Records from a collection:
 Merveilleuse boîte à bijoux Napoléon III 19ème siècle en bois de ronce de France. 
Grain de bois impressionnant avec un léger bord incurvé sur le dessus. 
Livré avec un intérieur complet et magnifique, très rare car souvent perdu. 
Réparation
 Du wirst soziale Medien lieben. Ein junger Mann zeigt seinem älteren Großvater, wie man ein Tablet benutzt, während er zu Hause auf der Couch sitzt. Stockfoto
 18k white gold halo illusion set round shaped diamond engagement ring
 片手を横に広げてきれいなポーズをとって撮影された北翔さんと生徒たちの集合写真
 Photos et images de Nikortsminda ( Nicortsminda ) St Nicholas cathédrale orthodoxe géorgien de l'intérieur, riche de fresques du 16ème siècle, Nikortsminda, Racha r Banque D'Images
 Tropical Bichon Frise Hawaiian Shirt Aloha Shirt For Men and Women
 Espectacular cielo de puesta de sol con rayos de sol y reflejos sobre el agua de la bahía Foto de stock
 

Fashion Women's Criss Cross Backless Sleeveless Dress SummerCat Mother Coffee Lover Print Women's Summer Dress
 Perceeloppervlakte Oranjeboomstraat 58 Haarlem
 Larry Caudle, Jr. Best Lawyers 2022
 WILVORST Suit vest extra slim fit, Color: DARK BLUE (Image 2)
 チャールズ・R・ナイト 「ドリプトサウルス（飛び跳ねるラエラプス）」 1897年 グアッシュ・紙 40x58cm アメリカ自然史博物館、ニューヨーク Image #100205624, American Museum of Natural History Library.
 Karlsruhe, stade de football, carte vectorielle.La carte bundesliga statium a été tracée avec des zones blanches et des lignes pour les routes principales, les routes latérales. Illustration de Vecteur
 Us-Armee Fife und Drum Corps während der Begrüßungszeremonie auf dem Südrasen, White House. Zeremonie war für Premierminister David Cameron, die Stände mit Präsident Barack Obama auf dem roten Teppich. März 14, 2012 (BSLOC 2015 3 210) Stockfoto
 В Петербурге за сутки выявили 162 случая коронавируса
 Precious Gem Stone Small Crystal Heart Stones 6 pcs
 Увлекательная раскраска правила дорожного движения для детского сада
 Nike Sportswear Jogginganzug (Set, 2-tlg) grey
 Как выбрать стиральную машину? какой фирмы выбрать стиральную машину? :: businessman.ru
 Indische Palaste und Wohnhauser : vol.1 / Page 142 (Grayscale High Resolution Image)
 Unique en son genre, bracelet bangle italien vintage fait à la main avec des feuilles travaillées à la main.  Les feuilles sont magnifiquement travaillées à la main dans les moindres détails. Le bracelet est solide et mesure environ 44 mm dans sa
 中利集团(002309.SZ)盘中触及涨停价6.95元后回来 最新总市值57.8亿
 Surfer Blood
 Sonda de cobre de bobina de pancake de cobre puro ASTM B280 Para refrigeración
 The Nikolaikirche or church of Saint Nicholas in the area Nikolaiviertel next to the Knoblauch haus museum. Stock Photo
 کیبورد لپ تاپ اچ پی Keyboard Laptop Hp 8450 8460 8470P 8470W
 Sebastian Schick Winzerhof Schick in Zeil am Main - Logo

(About this exercise):
For each line in the data that holds the word "bois", copy the line.

(Solution to the exercise):
 Merveilleuse boîte à bijoux Napoléon III 19ème siècle en bois de ronce de France. 
Grain de bois impressionnant avec un léger bord incurvé sur le dessus. 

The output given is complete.